Russian Greco-Roman wrestler (born 1993)

Musa Gilaniyevich Evloev (Муса Гиланиевич Евлоев; born 31 March 1993) is a Russian Greco-Roman wrestler. He won the gold medal in the 97 kg event at the 2020 Summer Olympics held in Tokyo, Japan. He is also a two-time world champion and two-time national champion, having won in 2016 and 2017. Internationally, Evloev won silver at the 2017 World Wrestling Championships in Paris, France, losing to Artur Aleksanyan from Armenia. That year he also won the 2017 Wrestling World Cup in Tehran, Iran.

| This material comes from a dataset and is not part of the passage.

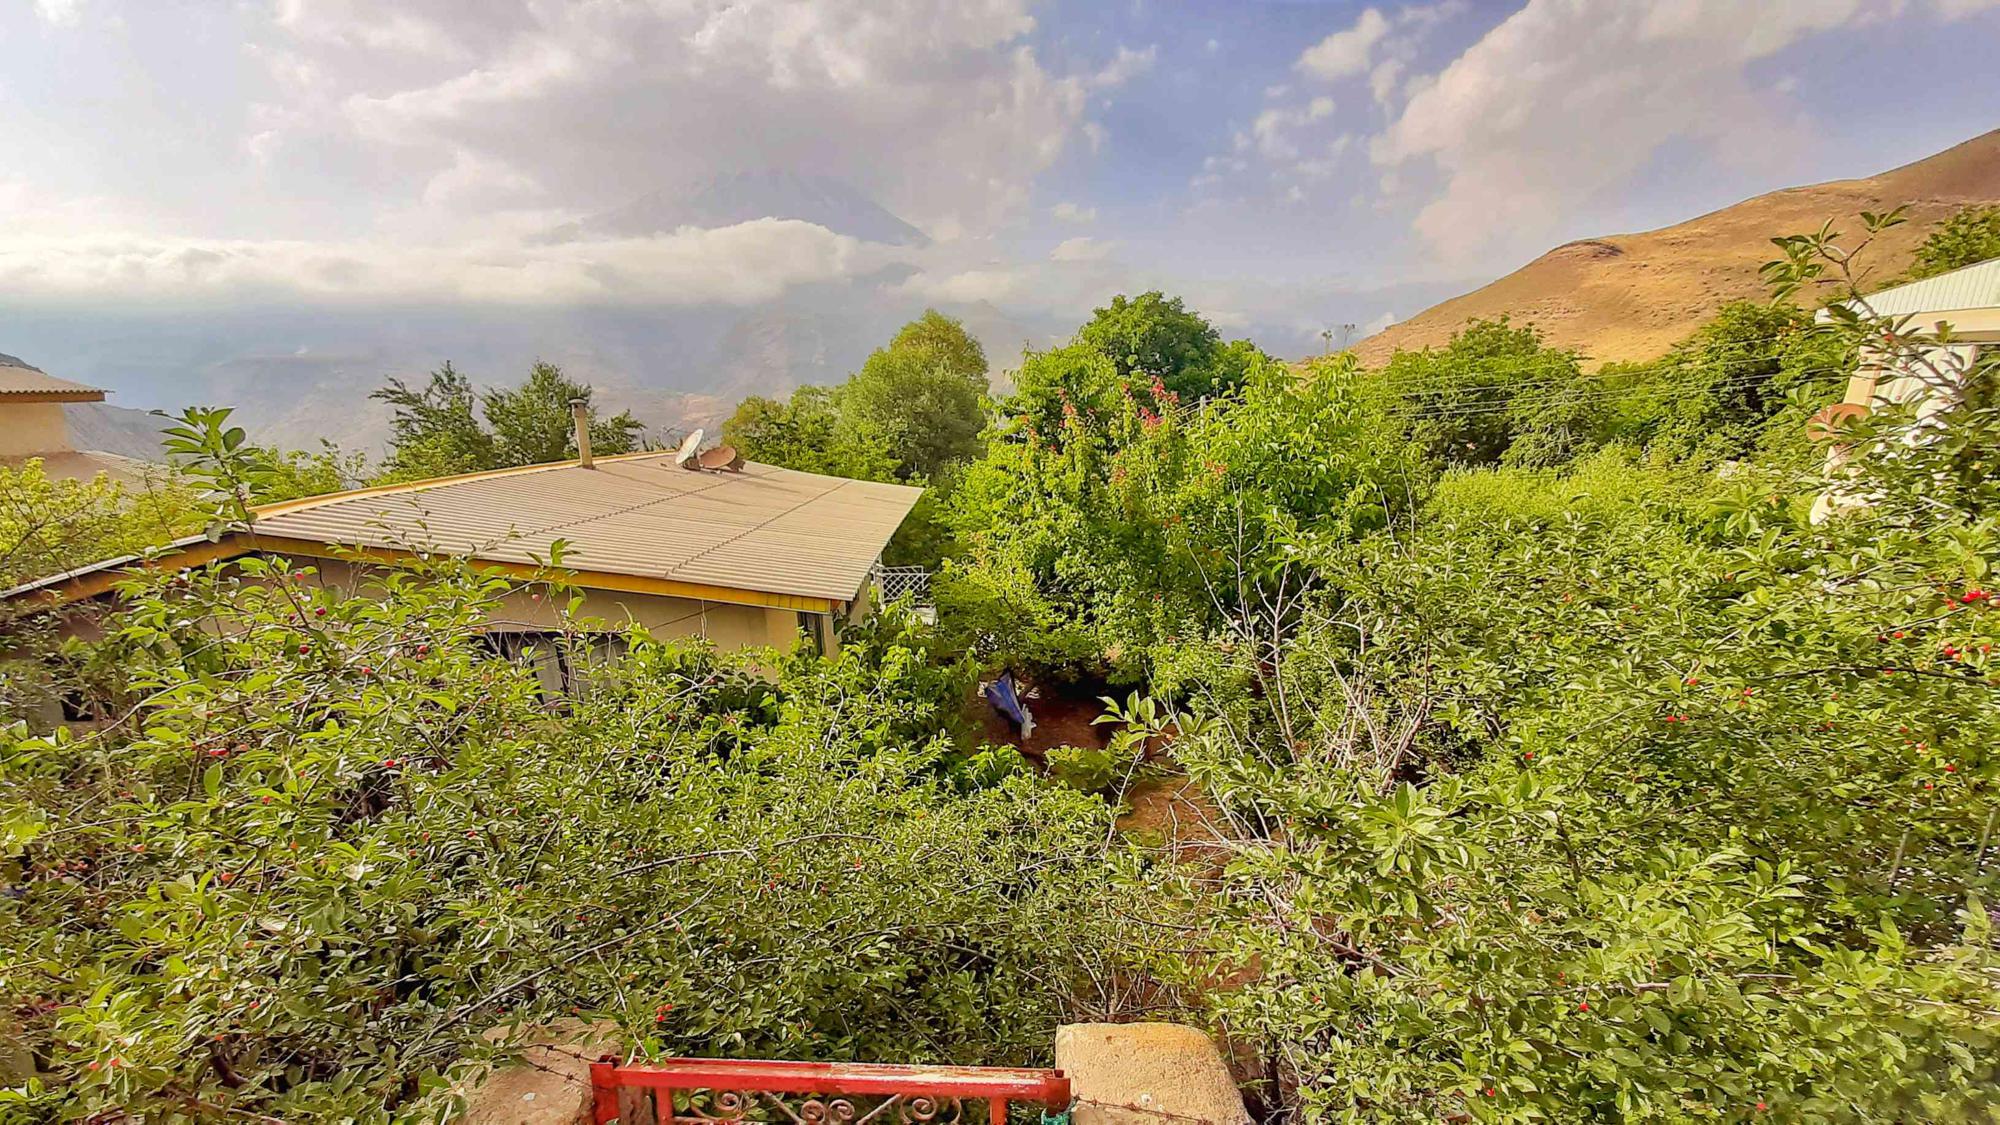 فروش خانه باغ ۵۵۰ متر در منطقه ایرا لاریجان واقع در جاده هراز بالای آب اسک ویو قله دماوند

He won the 2018 World Wrestling Championships, now in the 97 kg division, defeating Bulgarian Kiril Milov, 7–2 and at the 2019 World Wrestling Championships he won gold medal again, in the final match he beat Artur Aleksanyan.

In 2020, he won the gold medal in the 97 kg event at the Individual Wrestling World Cup held in Belgrade, Serbia. In 2021, he won the gold medal in the men's 97 kg event at the Matteo Pellicone Ranking Series 2021 held in Rome, Italy.

Evloev was barred from participating in the qualifying tournament for the 2024 Summer Olympics after being photographed standing near a poster reading "No to Nazism".